Dynamical evolution of magnetic field in the pre-equilibrium quark-gluon plasma

TL;DR

This paper develops a kinetic model to study how magnetic fields decay in the early, pre-equilibrium stage of quark-gluon plasma created in high-energy heavy-ion collisions, providing insights into magnetic field longevity.

Contribution

It introduces the first kinetic framework coupling Boltzmann and Maxwell equations to analyze magnetic field decay in early QGP stages.

Findings

Magnetic field decay follows a kinetic evolution before hydrodynamics dominates.

A magnetohydrodynamical description emerges at late times.

Estimated residual magnetic field strength at the start of hydrodynamics for RHIC and LHC.

Abstract

High-energy heavy-ion collisions generate extremely strong magnetic field which plays a key role in a number of novel quantum phenomena in quark-gluon plasma (QGP), such as the chiral magnetic effect (CME).
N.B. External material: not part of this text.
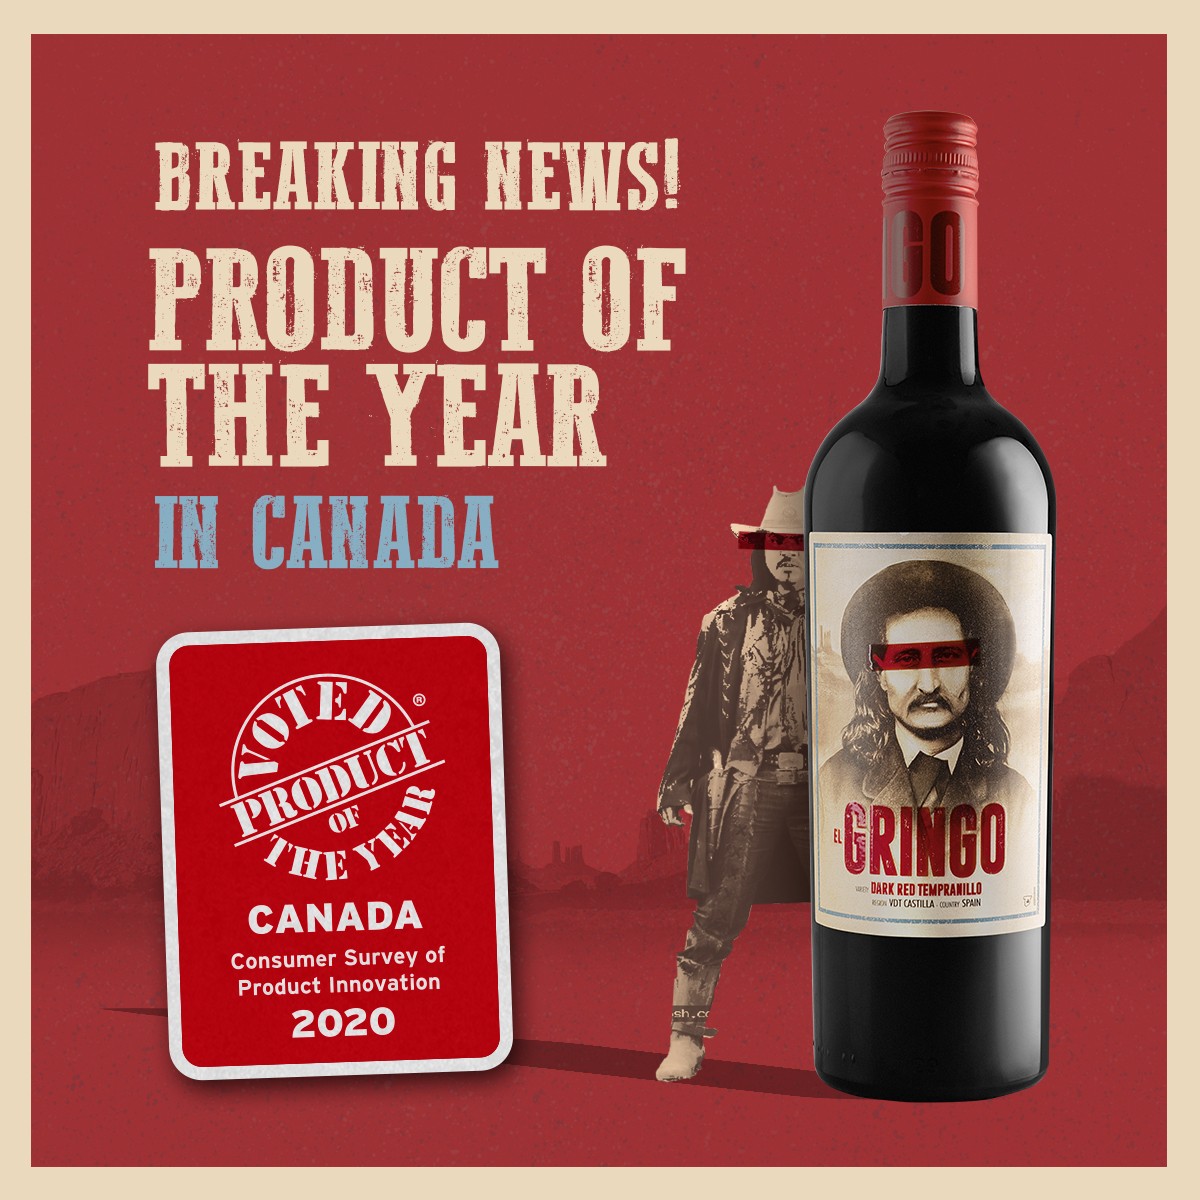 El Gringo Dark Red Tempranillo, Producto del Año en Canada

However, due to the complexity in theoretical modellings of the coupled electromagnetic fields and the QGP system, especially in the pre-equilibrium stages, the lifetime of the magnetic field in the QGP medium remains undetermined. We establish, for the first time, a kinetic framework to study the dynamical decay of the magnetic field in the early stages of a weakly coupled QGP by solving the coupled Boltzmann and Maxwell equations. We find that at late times a magnetohydrodynamical description of the coupled system emerges. With respect to realistic collisions at RHIC and the LHC, we estimate the residual strength of the magnetic field in the QGP when the system start to evolve hydrodynamically.